Еще во времена Ванновского, при Вышнеградском, стоявшем во главе министерства финансов, Россия поставила себе задачей иметь сильный Балтийский флот, фактическим подтверждением чего служат сотни миллионов, выброшенных на сооружение укрепленного порта Александра III в Либаве. Я говорю «брошенных», потому что, при возникновении новой политической задачи, перетянувшей центр тяжести наших морских сил на Дальний Восток, мы оставили Либаву без флота, а в таком случае сооружение ее порта стало совершенно излишним (скажу больше: это вернейший приз наших противников в случае войны на континенте Европы). Злосчастная идея укрепления Либавы состояла в том, что возможность содержания в ее порте достаточно сильного флота, способного, вследствие незамерзаемости вод, круглый год к активным действиям, исключала необходимость затрачивать миллионы рублей на оборудование, содержание и ремонт крепостей на побережье Балтийского моря: Рига, Балтийский-Порт, Ревель, Кронштадт, Выборг, Гельсингфорс и мало ли еще какие пункты побережья нуждались в обороне. Во исполнение этой идеи последовало фактическое разоружение крепости Выборга, представляющего из себя необыкновенной важности стратегический ключ к обладанию Финляндией и подступов из нее к нашей столице. Вообще же, при условии отсутствия явной опасности на Дальнем Востоке, осуществление идеи Либавы неминуемо приводило к ущербам, как нашего оплота на Тихом океане — Владивостока, так и тех морских сил, которые мы могли там сосредоточивать. Здесь, конечно, не место распространяться критикой идеи Либавы, но нельзя всё-таки не заметить, что такое безумное выбрасывание средств государства, хотя бы исполненное десяток лет назад, все-таки вопиет о своем возмездии; во всяком случае крайне желательно, чтобы оно было рано или поздно представлено на суд представителей народа, т. е. в Государственную Думу.

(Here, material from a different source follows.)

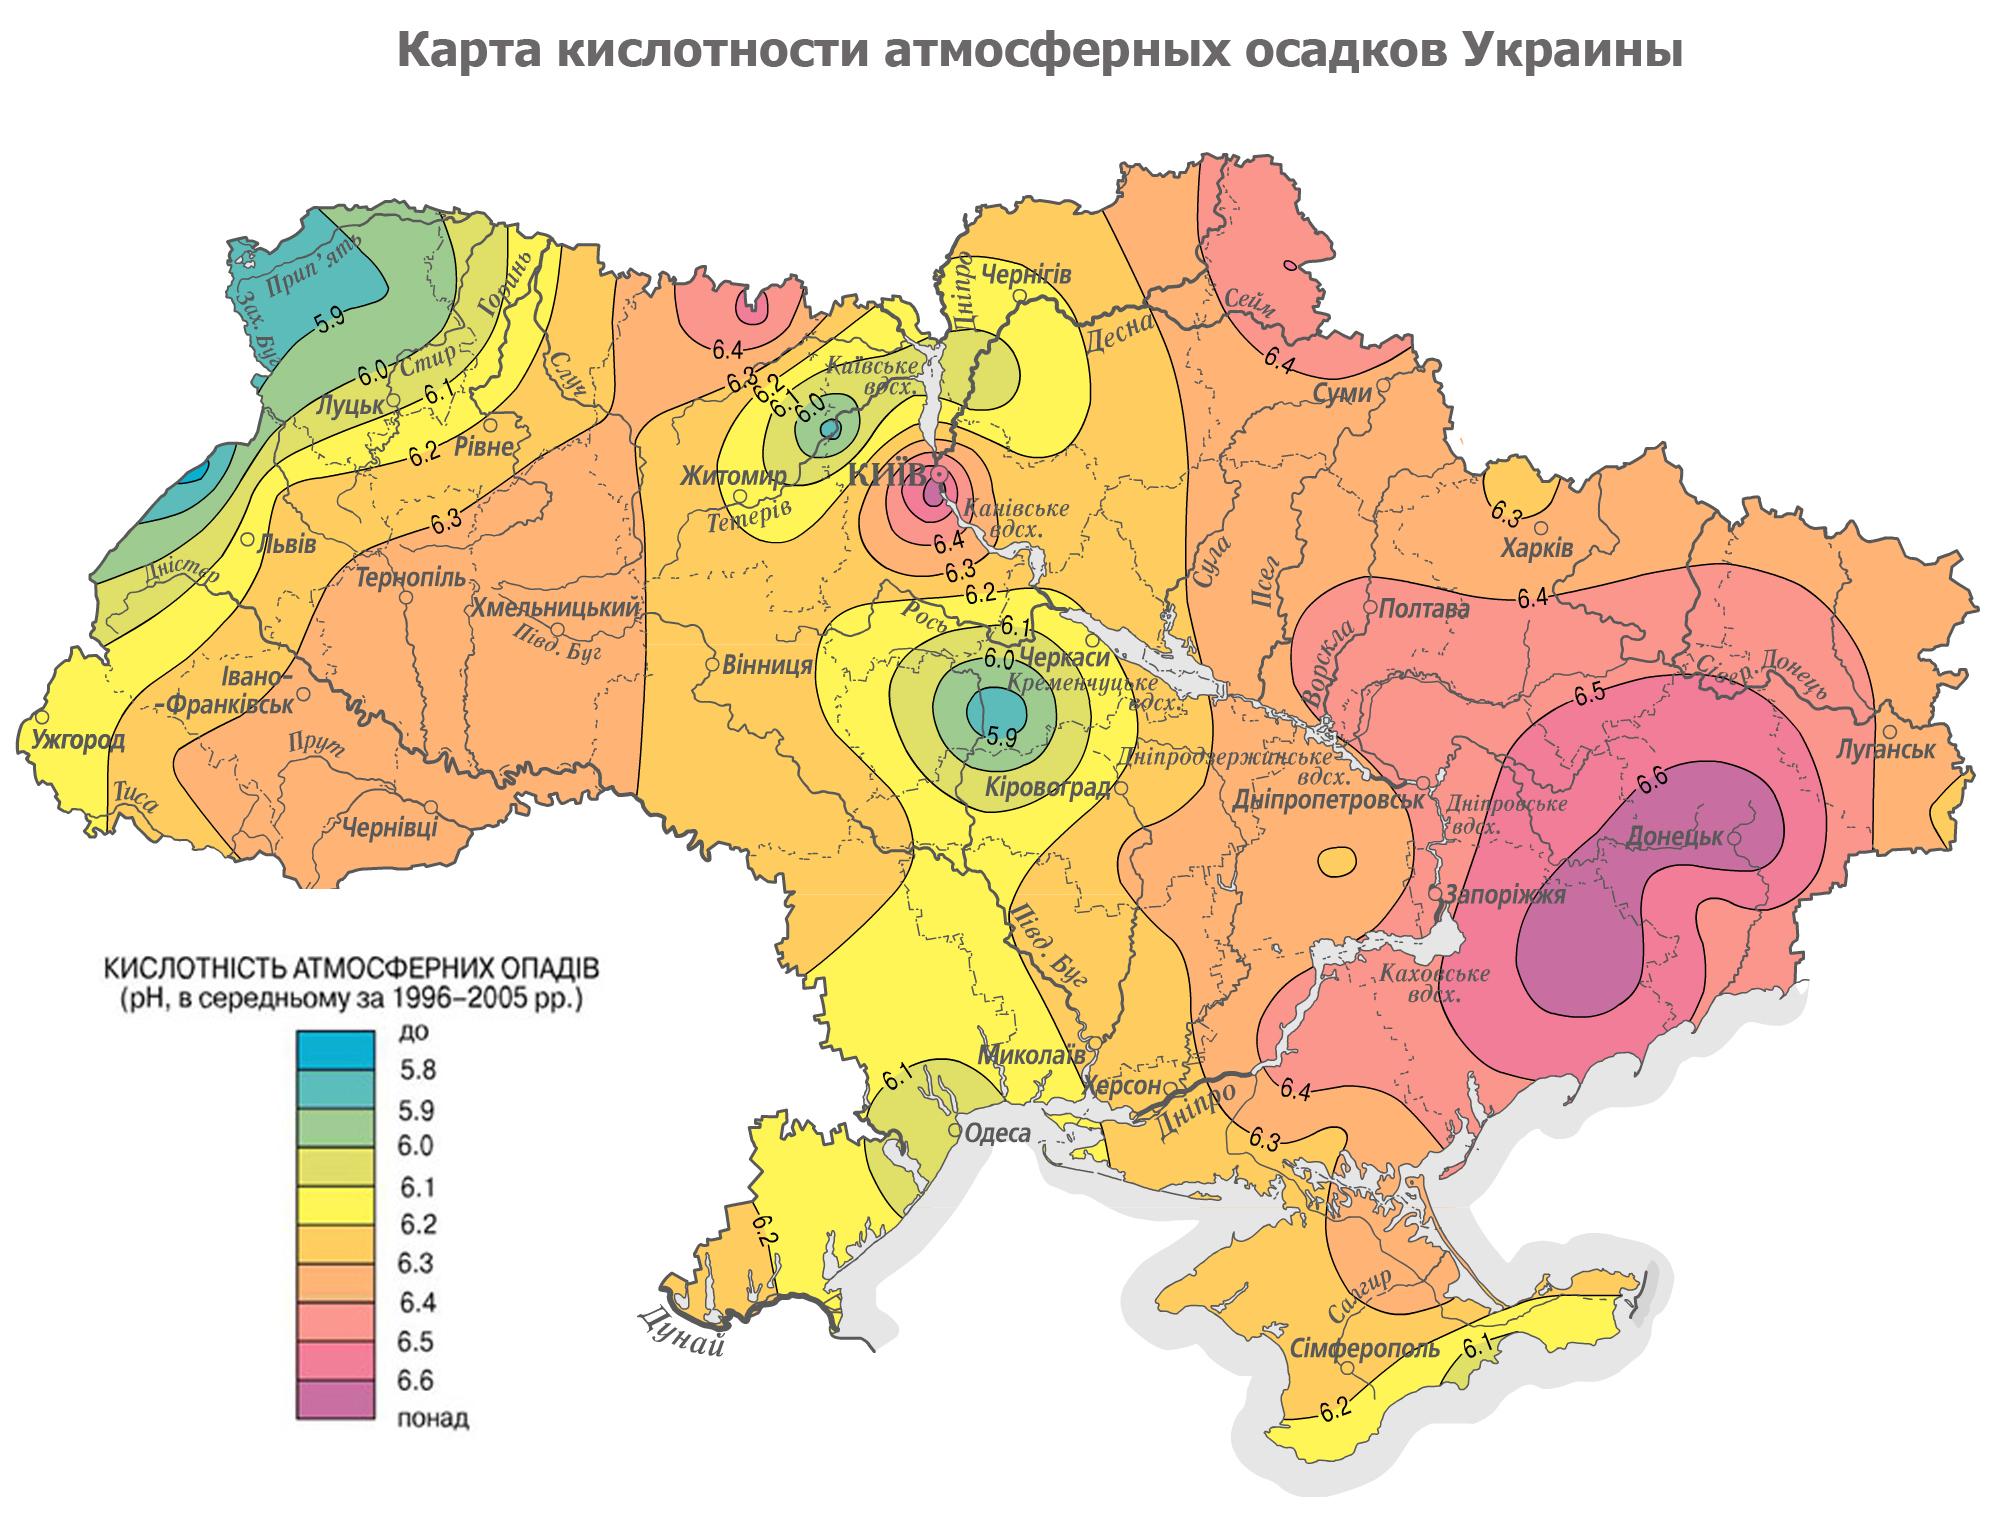 Карта кислотности атмосферных осадков Украины

Кроме того, Либава сама по себе притягивала бы к себе наш флот и наших флотоводцев, не выпуская его на Дальний Восток, в силу существовавшего режима во флоте, а он, конечно, просуществовал бы бесконечное число лет, если теперь, после Цусимы и всенародного приговора и осуждения, все-таки существует, или по крайней мере желает существовать. Никто из наших флотоводцев не увлекался дальними плаваниями, а предпочитали обыкновенно вырабатывание своих цензов в Балтийском море, где плавание обращалось в пикники, когда жилось беззаботно, уютно, вблизи своих семейных очагов, родных кабаков и трактиров столицы. К тому же плавание было непродолжительное, благодаря климатическим условиям. Замечательно, с каким неудовольствием готовились наши моряки даже к переходу в Либаву; то ли дело излюбленный Кронштадт? Я знавал одного адмирала, постоянно сидевшего на берегу, на тепленьких местечках, и был крайне удивлен, услышав, что он едет плавать на Дальний Восток. Сам адмирал весьма хладнокровно объяснил мне, что у него накопилось много долгов и надо было поправить свои обстоятельства. И ведь поправил: после китайской войны вернулся и привез музей редкостей — целое состояние. Последнее время (до войны) любили еще плавать в Средиземном море, где наслаждались поэтической Ривьерой и гостеприимством французов, где плавание состояло исключительно из всяких празднеств, оплачиваемых нашими союзниками и нашей казной (Россия ведь могущественная держава, а потому никаких денег на представительство не жалела).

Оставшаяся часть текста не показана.